Saturday, September 10, 2011

I was wrong . . .

One of the fun concepts I have been teaching for years has to do with relative velocity. It is easy when one object is stationary and the other is moving. The relative velocity of one to the other is simple the speed of the moving object and its direction. However, it gets more interesting when both objects are moving. If they are both moving in the same direction, you simply subtract the velocity of the faster one from the slower one.

Then here comes my angst. For years I have done a demo where two students walk toward each other and clap hands in the middle as they meet. I then ask what is the relative velocity of the one student moving at 5 m/s to the other moving at 5 m/s. Most everyone answers 0. And then there is that special student who gets it and answers 10 m/s. They get their name on the superstar board for a few days.

And then I say if two cars have a head on collision with the same speed, it is as if one hits a brick wall at the sum of their speeds. Then this year at my new school the student with the top score on the last physics test raises her hand. "Mr. Banks, I remember a mythbusters episode where they did that with two cars and it was not the same as hitting a brick wall at the sum of their speeds." Ouch. Send it to me and I will look at it. Before I got home good she had already emailed it to me.

Here is the link if you would like to see it.

I called in two of my former students (one with a PhD and one almost) for help.

Here are their responses.

First Dr. Foster
(I need to give a brief introduction. He is my first former physics student to get a college major in physics. He invited me to the Air Force Academy for his graduation and I surprised him and went. He surprised me several years later. The doorbell rang one day and there was Michael's mother with a copy of his dissertation. On the fly leaf he thanked me for getting him started in physics and said it was still fun. One of the proudest moments of my teaching career.)

Ok. I've watched the video. Fun stuff.

If I were king for a day, I'd run an additional crash test: 2 moving objects -- 1 car traveling at 50 mph (like before), and one moving wall (50mph also) with extremely high shear strength (titanium?), thickness/volume selected to match the mass of the car while maintaining impact point commonality with prior tests.

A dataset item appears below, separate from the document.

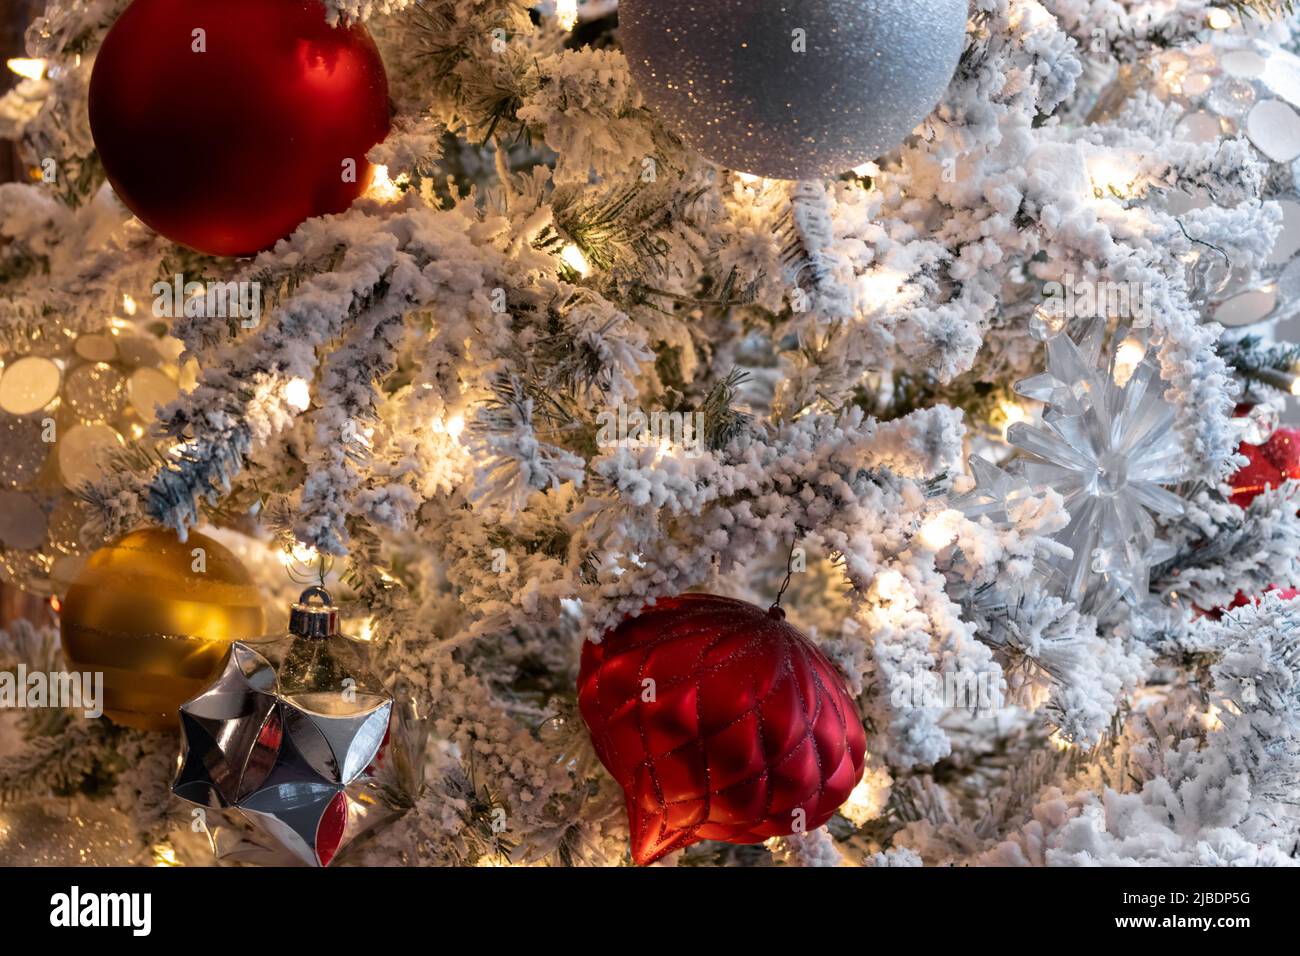 lumière chaude, scène de décoration de noël en gros plan, lumières blanches sur un arbre recouvert de neige avec des boules de noël rouges, blanches, argentées et dorées, holida festif Banque D'Images

What I'd like to test is their premise that "the energy of the crash is transferred to twice the mass, halving it, resulting in a crash that looks like just 1 car, into a wall at 50 mph." By minimizing the kinetic energy transfered to the moving wall (i.e. high shear strength), the impact of doubled KE would be seen in the car (pun intended). My only point is the subtleties of inelastic energy transfer are lost in the quote above.

I agree that the crash test results are initially counterintuitive; but at the end of the day, I think the tenets of relativity are still in tact.

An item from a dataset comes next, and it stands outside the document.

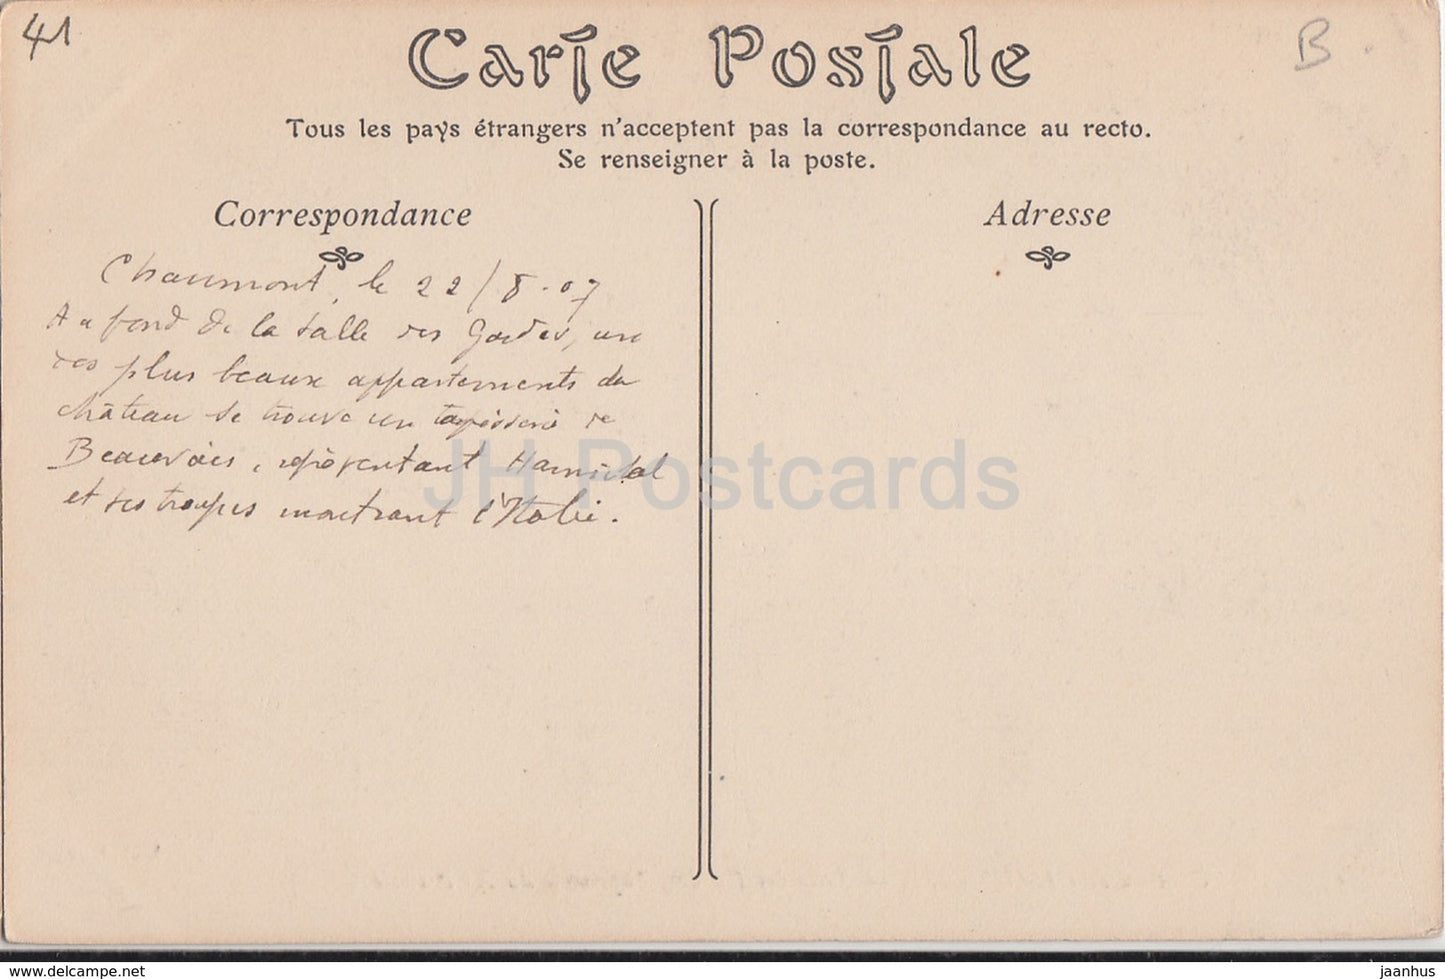 Chateau de Chaumont - Salle des Gardes - 55 - Schloss - alte Postkarte - 1907 - Frankreich - gebraucht

And now for soon to be Dr. Sadjadi.
(In the eleventh grade he was bored with school. He came to my class and never looked back. As a senior, after doing a junior project on a cloud chamber, he told me he wanted to do it on the string theory. At the time I had no idea what he was talking about. I tried to talk him out of a theoretical paper since no one had won with that kind of project. He insisted and I wisely let him go. He won and his class stood and cheered like he had won the super bowl - later I got to hear him present his paper at the AAAS meeting in Boston. Another very proud moment.)

The summary is this: summing the velocities works perfectly. The collision experiment is confusing because both of the cars are destroyed. If you look at the system in terms of energy, there are two ways to frame the experiment: you can be standing on the ground, watching the cars race towards each other, or you can be in one of the cars.

The ground observer sees two objects of mass m moving with velocity v. The total kinetic energy is 2E, where E is the energy of a single car traveling at velocity v. When the cars hit, all of that energy is lost in the heat/sound/damage of the collision. Since the two cars are of similar construction, each car takes half the energy. So the damage is identical to a single car hitting a wall (energy dissipated is E for each car).

From the perspective of one of the drivers, the second car is moving at 2v, while he himself is at rest. So the total energy in this moving reference frame is 4E (energy goes as velocity squared). After the cars hit, the two vehicles come to rest in the ground frame, which is equivalent to the two cars moving backwards in the car's original moving reference frame. So the energy post-collision is 2E (twice the mass, moving at velocity v). This leaves another 2E to be dissipated in the collision itself. This agrees with the ground observer.

I hope that helps.


Thank you for great students past and present and the opportunity to be wrong so I can learn even more.